In 2020, smartphone penetration among Canadian adults hit 87 percent. It’s fair to say most of us feel like we’ve lost a limb if we are without our phones. But it’s not that we’re constantly making calls. This is, of course, the age of the app, and the type of apps that are most popular speak volumes about today’s society. 

No simple way to measure popularity 

It’s no great surprise that in terms of volume, games swamp all other categories. That’s inevitable when you consider that there are thousands of mobile games out there and a keen gamer might have 100 or more games downloaded on his or her handset. What’s more, the types of games are extremely varied. For example, just the subgenre real money casinos for Canadians brings dozens of competing platforms each with hundreds of games. That’s before you’ve even looked at word games, or first person shooters or sport games.  

In comparison, someone is only likely to have one or perhaps two apps for maps, or for banking. So instead of looking at the number of apps downloaded, we have interrogated the data at statista to examine popularity by reach. In other words, this tells us what percentage of smartphone users in Canada use apps in each category. By looking at the numbers from the perspective of users rather than apps, an interesting picture emerges.  

smartphone apps

Social media apps have the greatest reach 

88 percent of smartphone users use social media apps. Given that an incredible 95 percent of Canadian use social media, that is perhaps unsurprising. However, it also tells us a little more about how we use social media, as well as how we use our phones. Facebook is the most used social media platform, followed by Twitter.  

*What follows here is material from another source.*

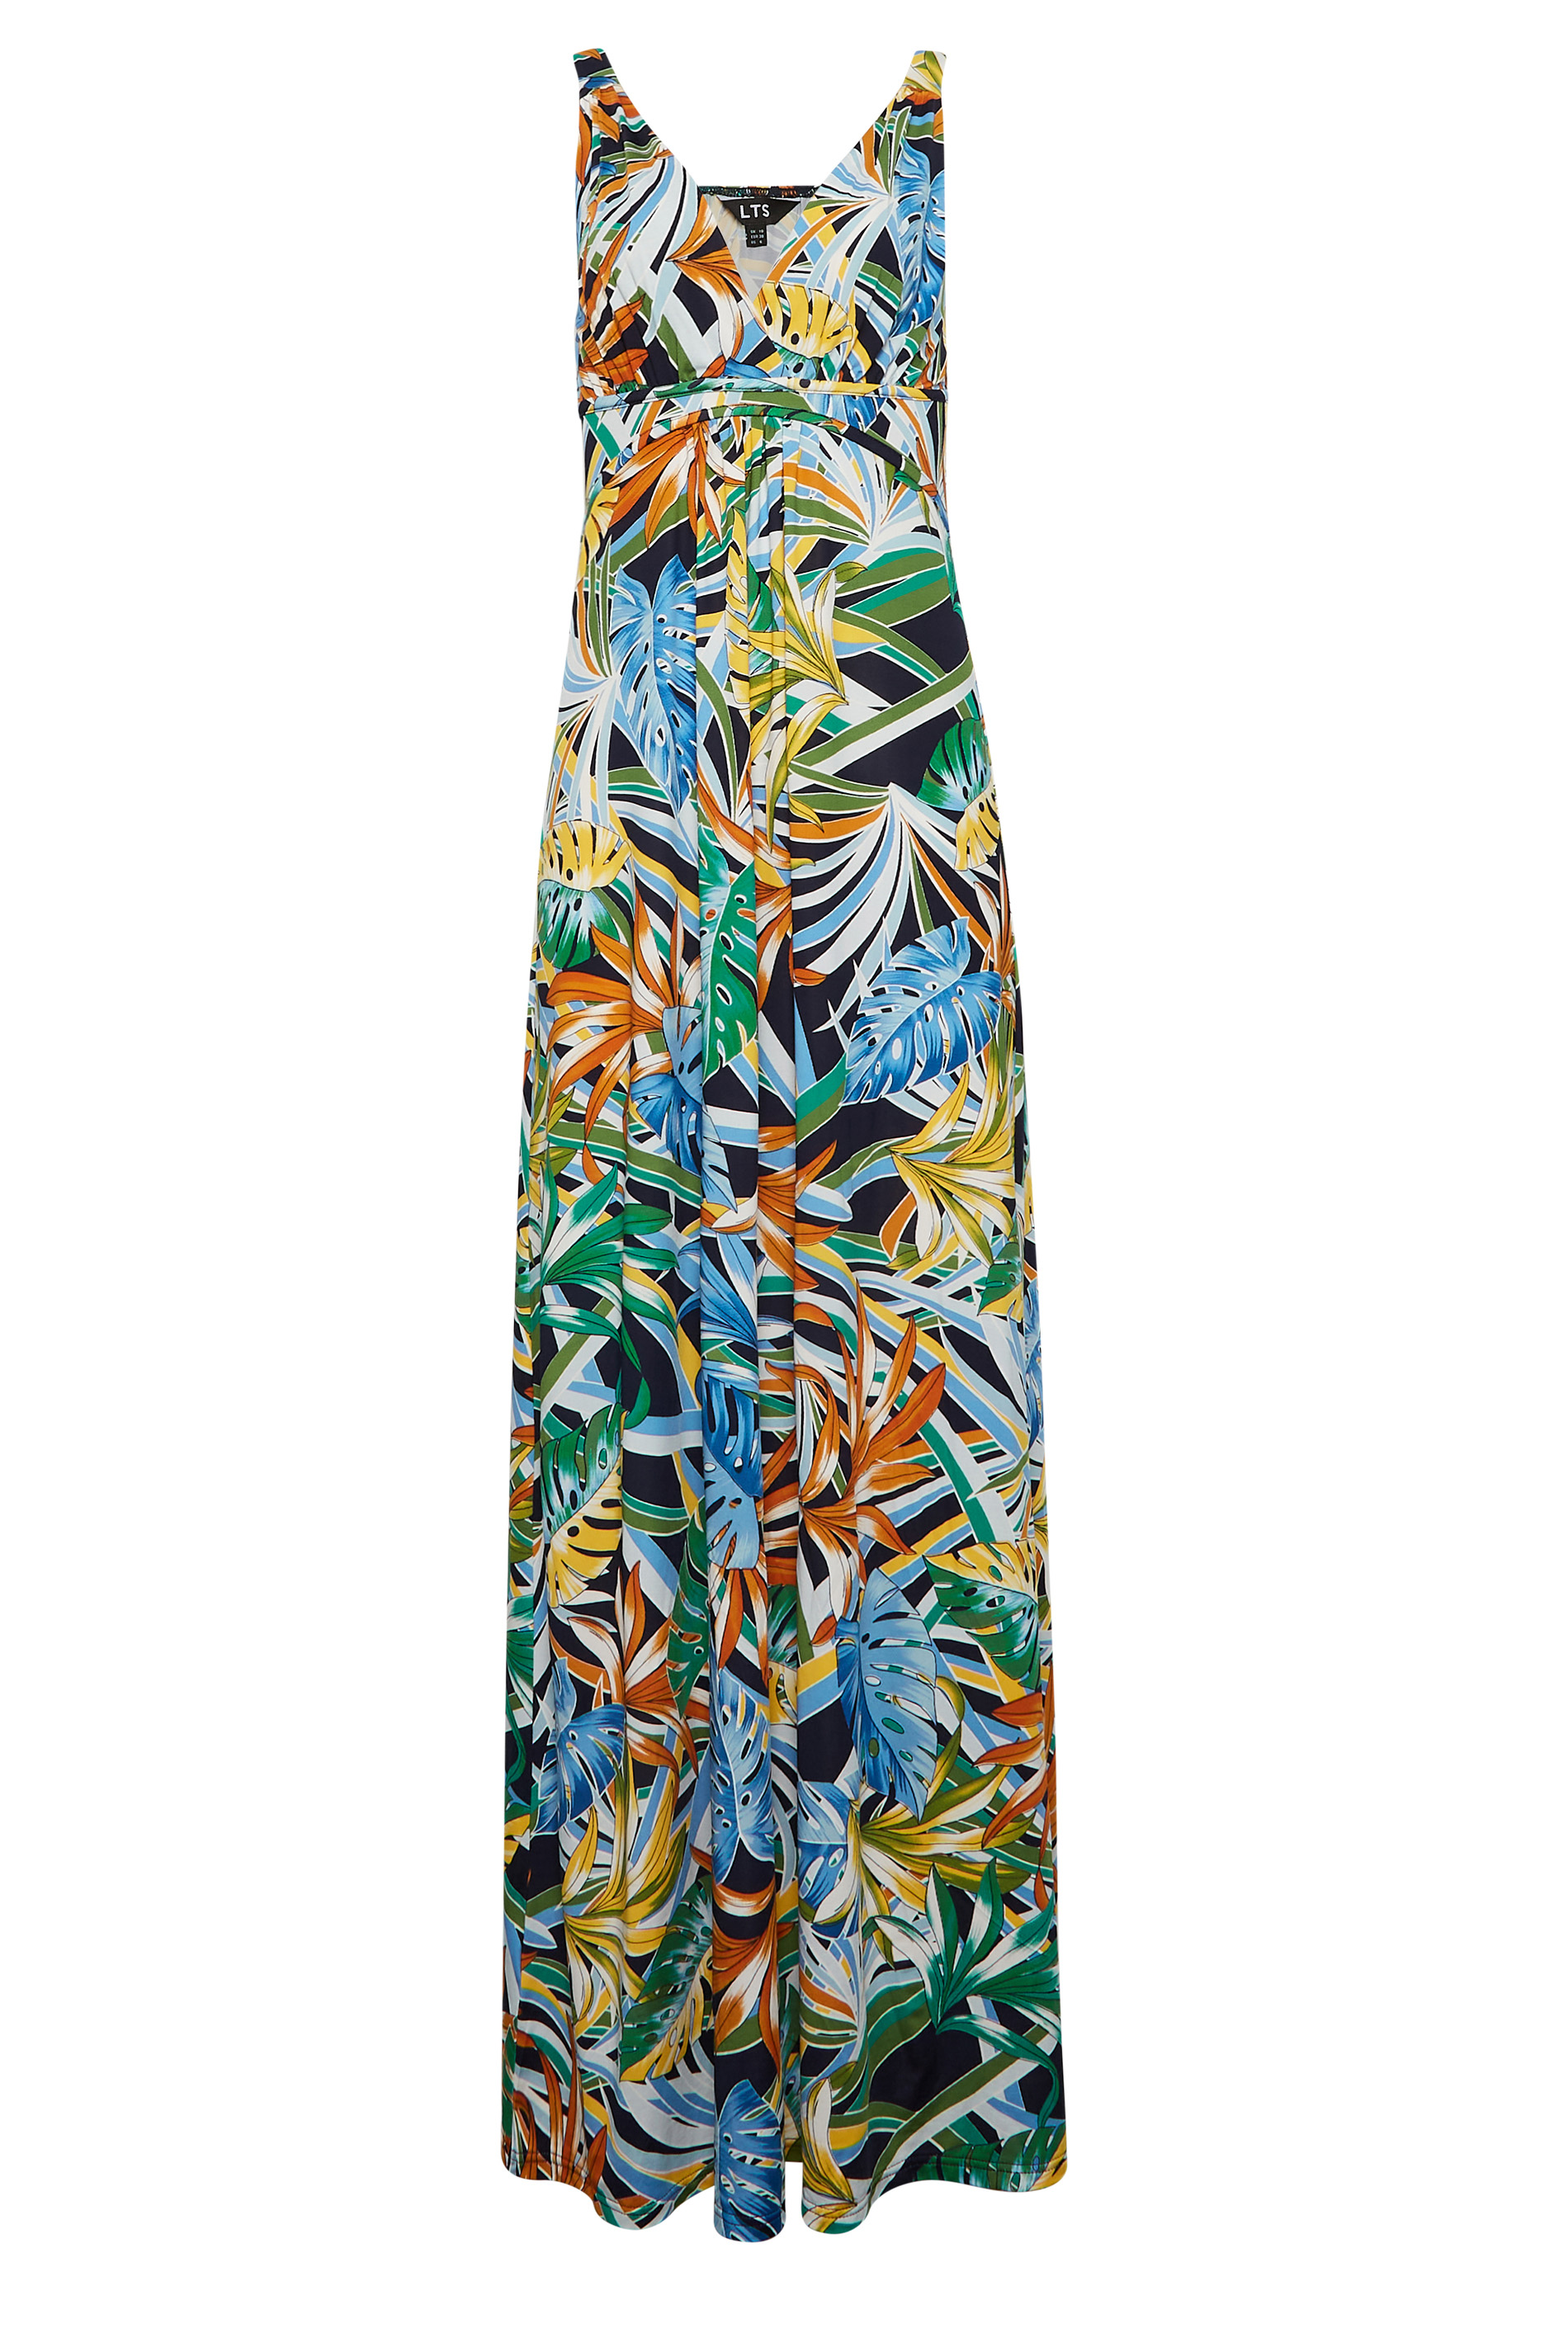 LTS Tall Green Palm Leaf Print Maxi Dress | Long Tall Sally  2

Just hold that thought for a moment and glance down at the category of apps with the second greatest reach. This is messaging apps, of which Facebook Messenger is right up near the top.  

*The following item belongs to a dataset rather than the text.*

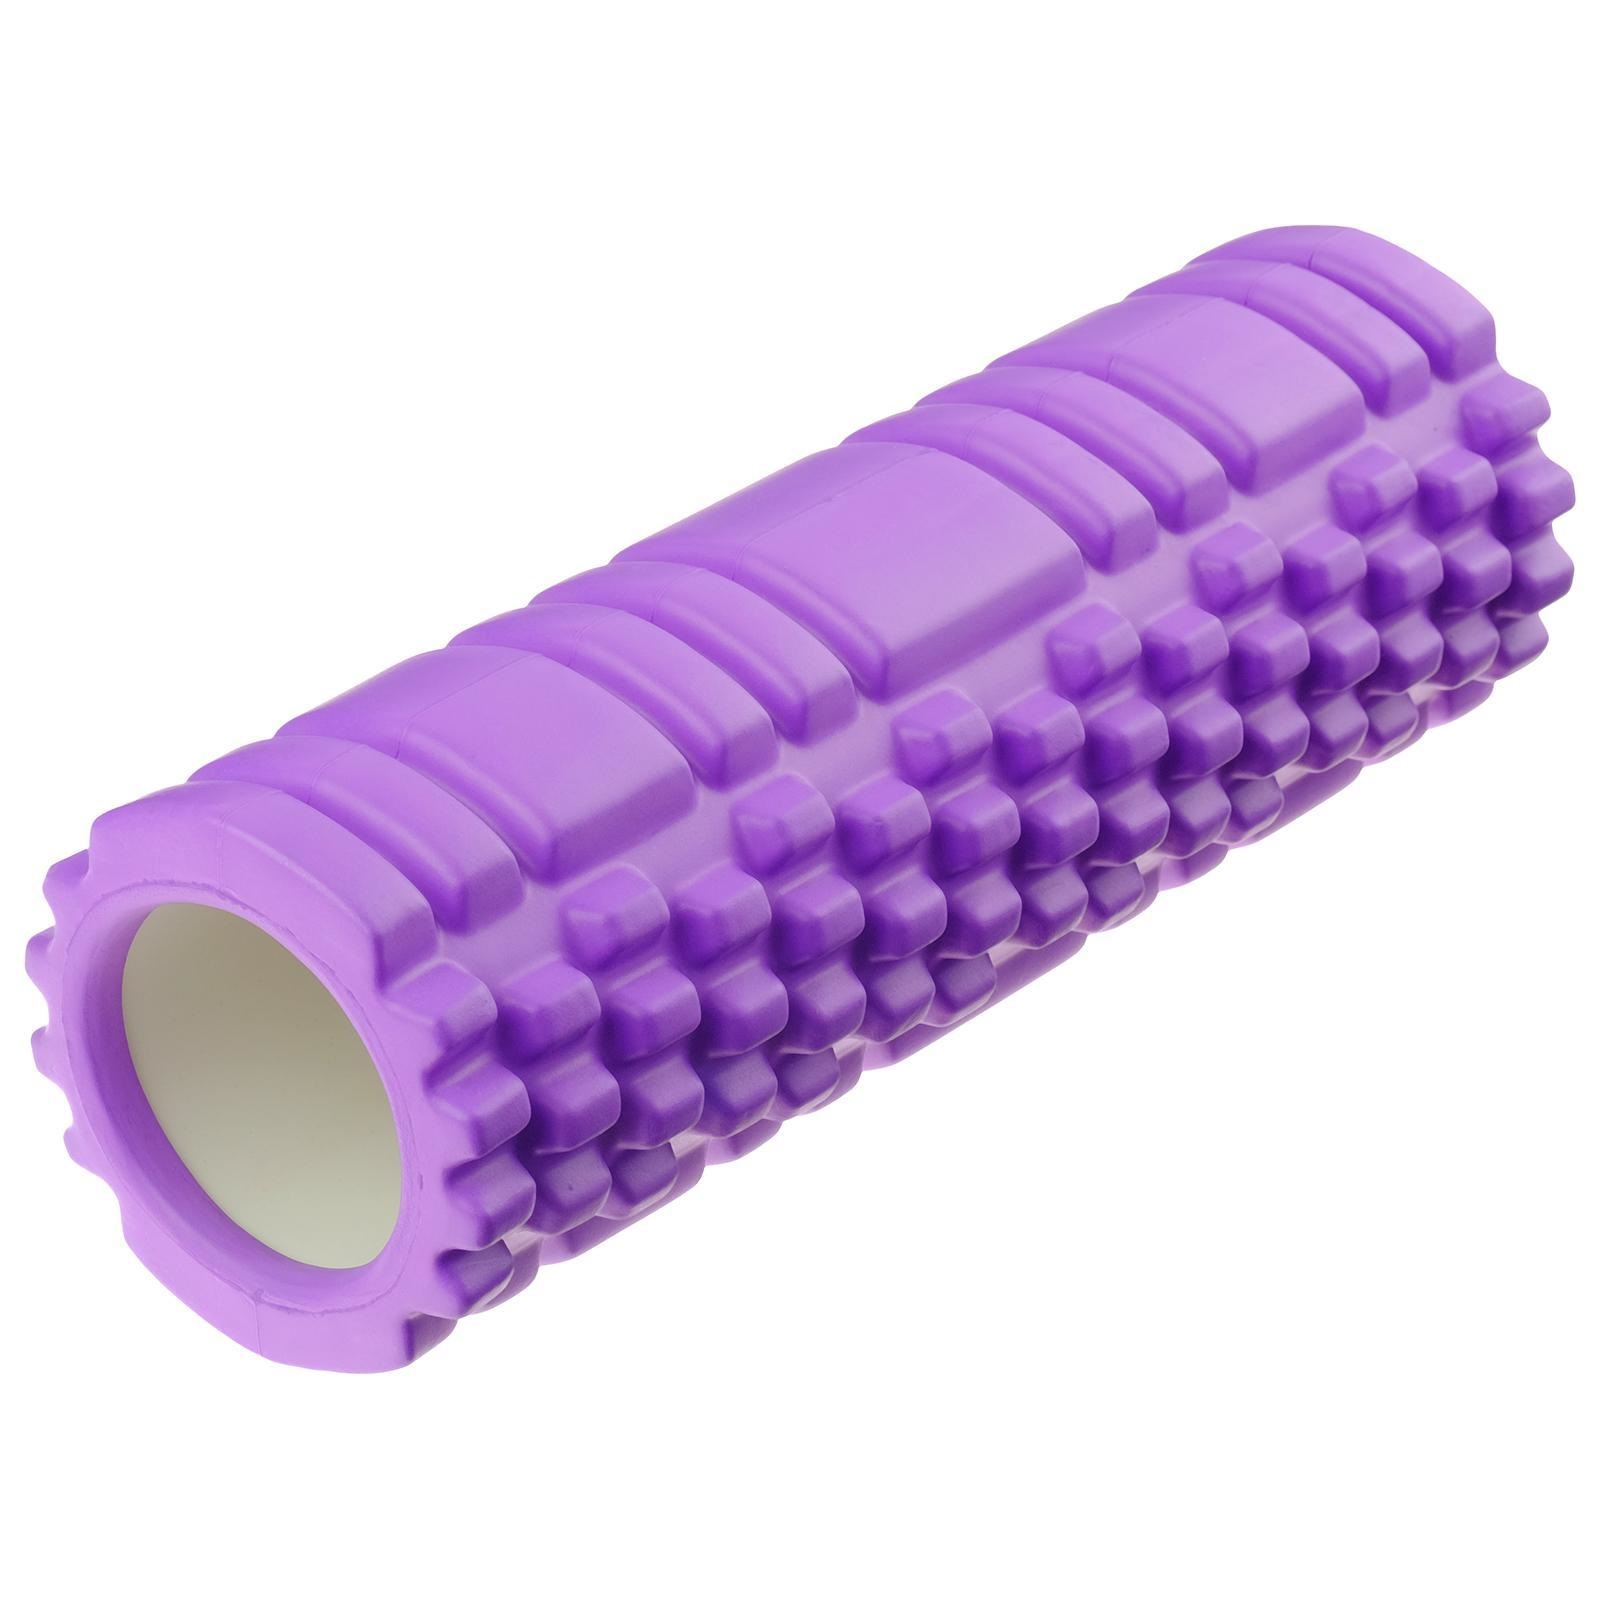 Ролик для йоги и пилатеса Sangh 3551199 30х10 см, фиолетовый

Looking at reach in this way is immediately giving us more rounded insights than simply listing apps by category. What we can conclude from those top two categories combined is that we mostly use our phones for staying in touch with our friends, family and acquaintances. That sounds right, it is almost comforting, an affirmation that a phone is still a phone at heart. What is very different compared with the pre smartphone age is how we do it. Not through voice calls not through texting – but at the same time, using a combination of media including voice, text, video and more. 

Entertainment and video 

Here, we are talking about apps like YouTube, Netflix and Disney+. These speak volumes about the way we consume entertainment in 2022. Prior to the mobile age, it was all about bigger screens, surround sound speakers and being immersed in what you are watching. Today there is still a place for that sort of experience. Indeed, there are plenty of heated discussions online about whether it is “right” to watch a full movie on your smartphone, but the point is people do it – and it’s becoming increasingly common.  

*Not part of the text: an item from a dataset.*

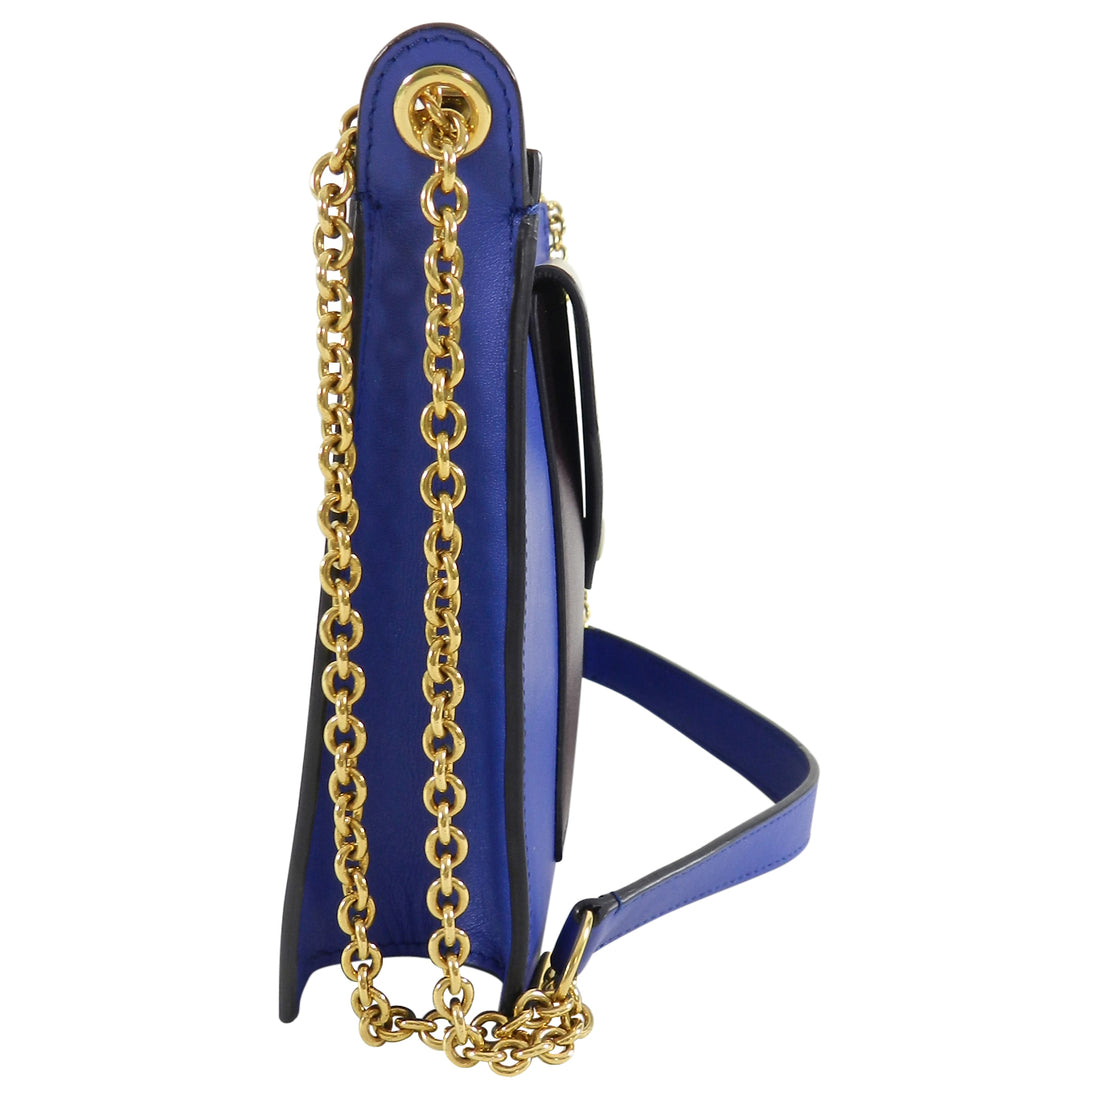 Celine Tricolor Blue Burgundy Taupe Bag with Pocket

It’s also fair to point out that the majority of entertainment and video content that is being enjoyed by more than 70 percent of smartphone users is not feature films but shorter video content. In other words, the stereotypical cat videos are as important a part of cyberspace as they have ever been. 

Map apps have 70% reach 

In fourth place come maps, with 70 percent reach. Banking and shopping apps are the only other types of apps that are used by more than half of smartphone users. We can essentially call these utility functions, and one good map app on a smartphone instantly renders the old SatNav market obsolete. What’s more, it is as useful when you out on foot or even planning an overseas adventure.  

There’s a common perception that smartphones have changed our lives. When it comes down to it, we use them partly to carry out some the functions of other tech like a TV or laptop. But by far the most common purpose is for staying in touch with friends and family. Smartphone apps just give us more varied ways of doing so than the telephones on which they are built.